Problem details:
Your job is to print, exactly, the lines in the data below from the line with "Skogbruk i Innlandet: Forvaltninga" through the line with "Árusok Katmandu óvárosában–", both included, and to omit any picture.

Provided data:
◇ ◇ ◇ ◇ ◇

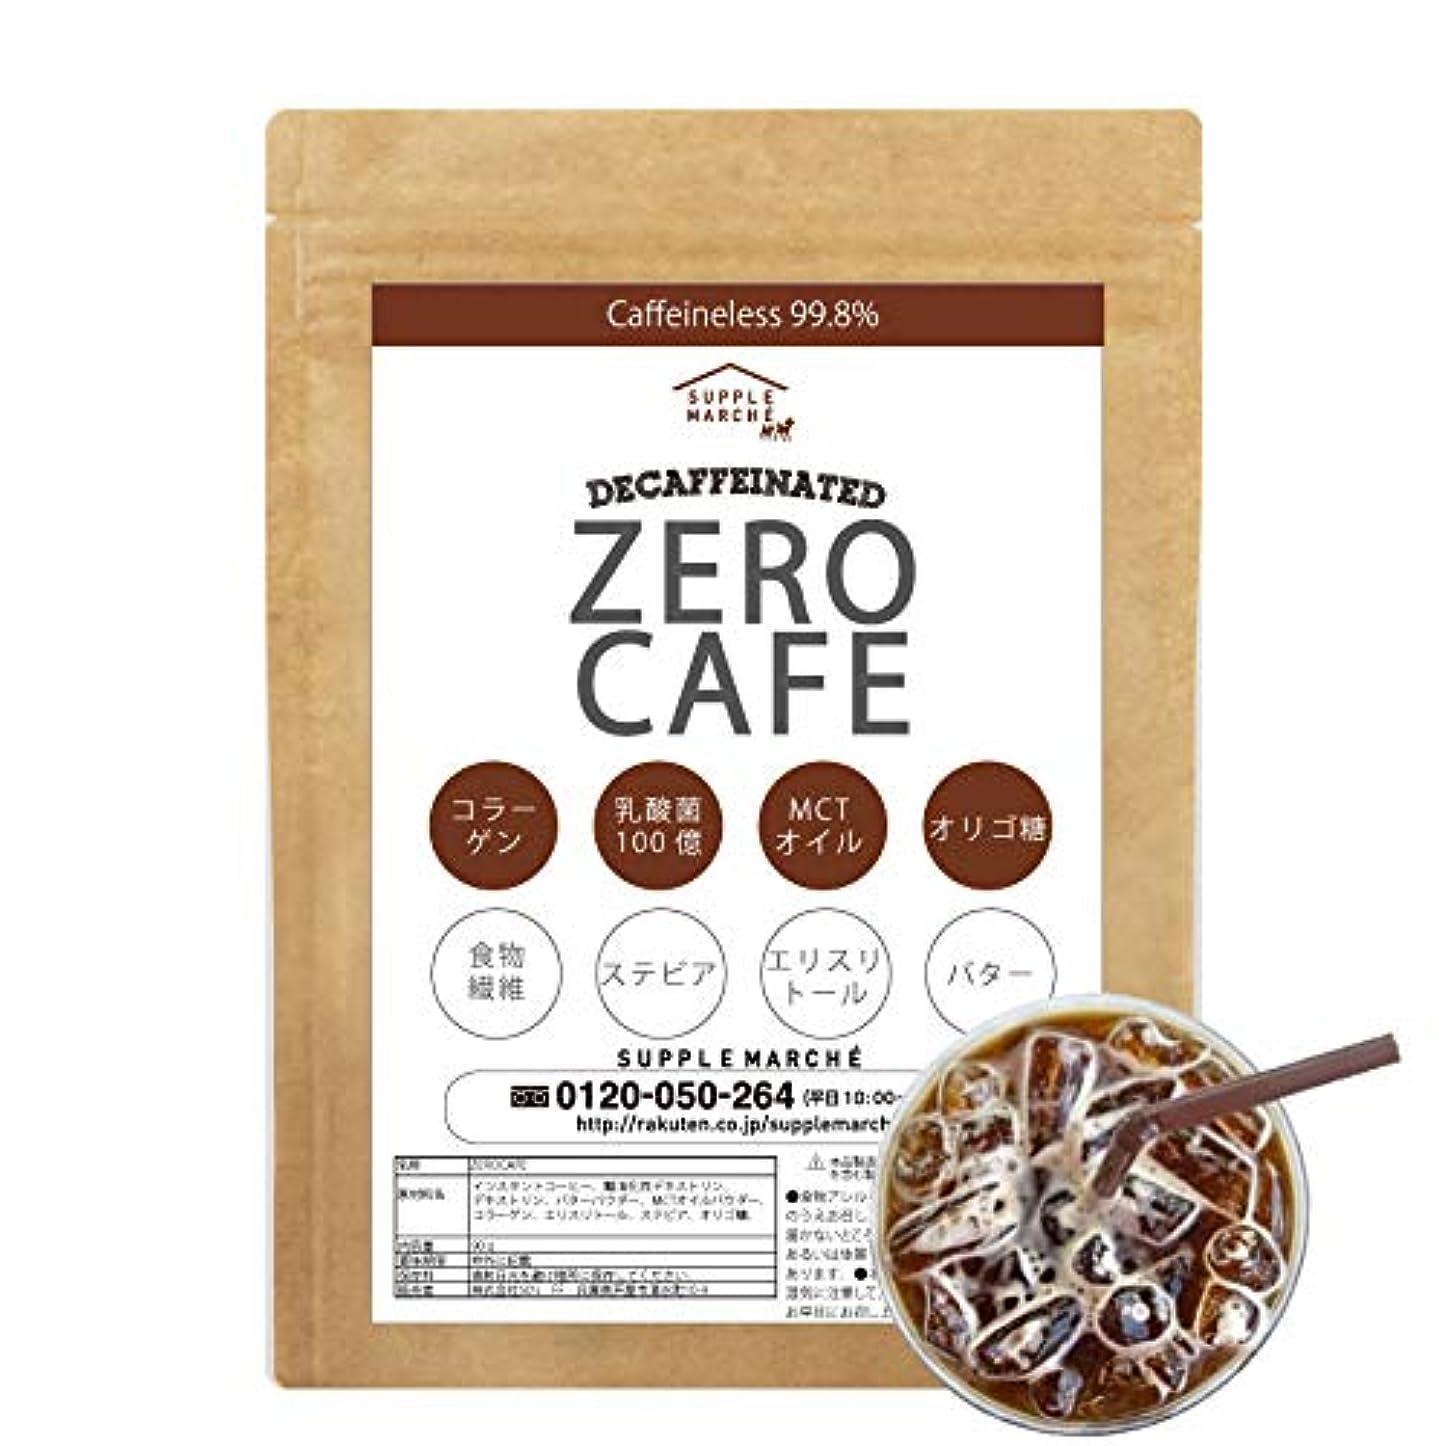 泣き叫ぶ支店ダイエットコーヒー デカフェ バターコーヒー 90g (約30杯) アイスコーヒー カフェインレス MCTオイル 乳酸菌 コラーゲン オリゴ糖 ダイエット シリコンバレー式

◇ ◇ ◇ ◇ ◇

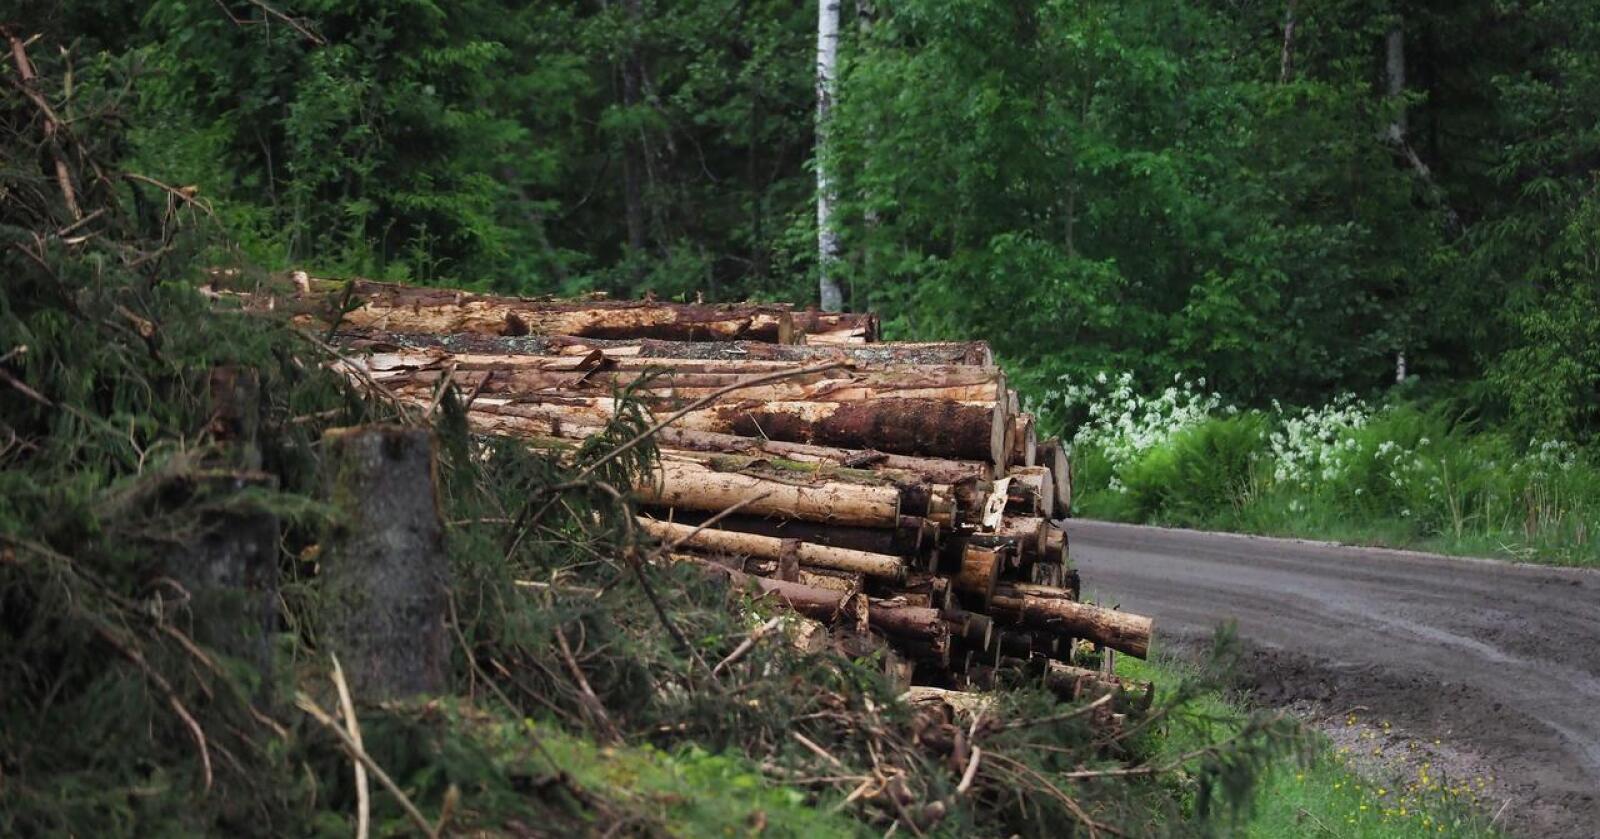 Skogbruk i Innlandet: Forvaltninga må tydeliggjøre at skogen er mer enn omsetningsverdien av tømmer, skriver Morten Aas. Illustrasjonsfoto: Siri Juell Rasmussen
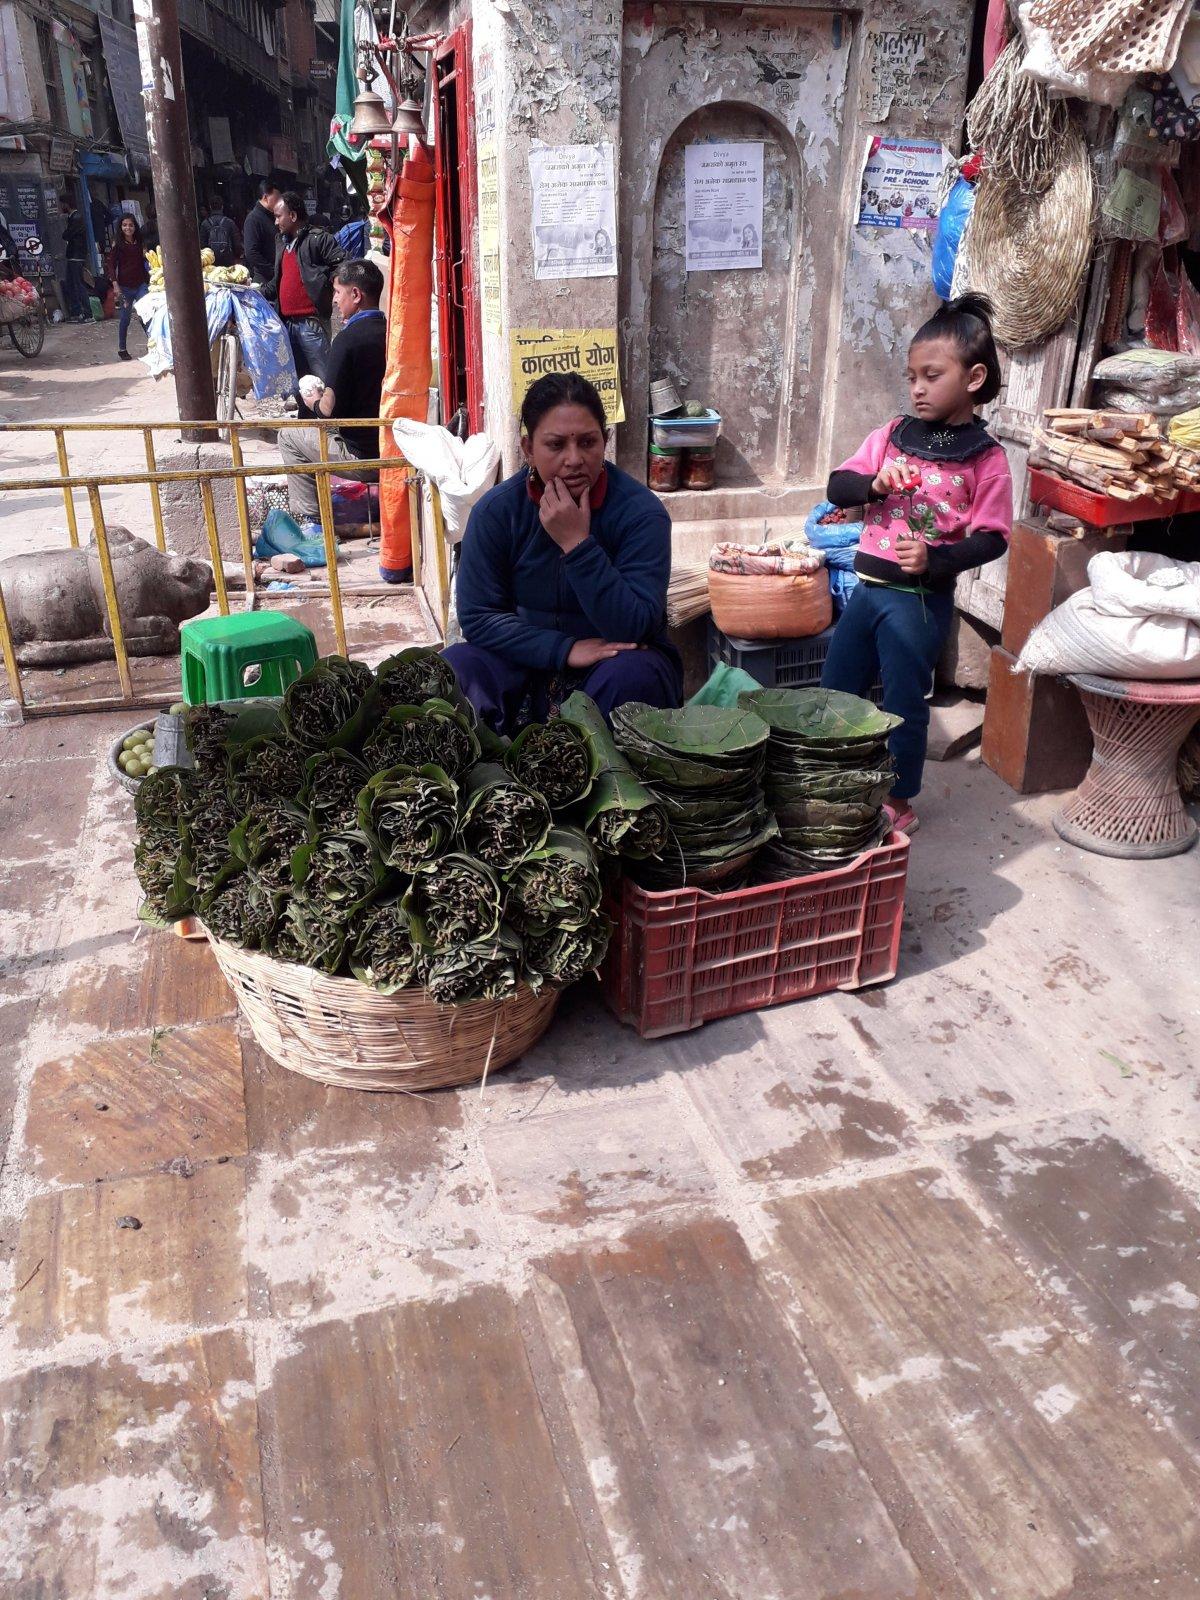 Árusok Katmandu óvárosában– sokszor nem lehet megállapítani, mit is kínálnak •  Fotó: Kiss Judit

◇ ◇ ◇ ◇ ◇

Task result:
 Skogbruk i Innlandet: Forvaltninga må tydeliggjøre at skogen er mer enn omsetningsverdien av tømmer, skriver Morten Aas. Illustrasjonsfoto: Siri Juell Rasmussen
 Árusok Katmandu óvárosában– sokszor nem lehet megállapítani, mit is kínálnak •  Fotó: Kiss Judit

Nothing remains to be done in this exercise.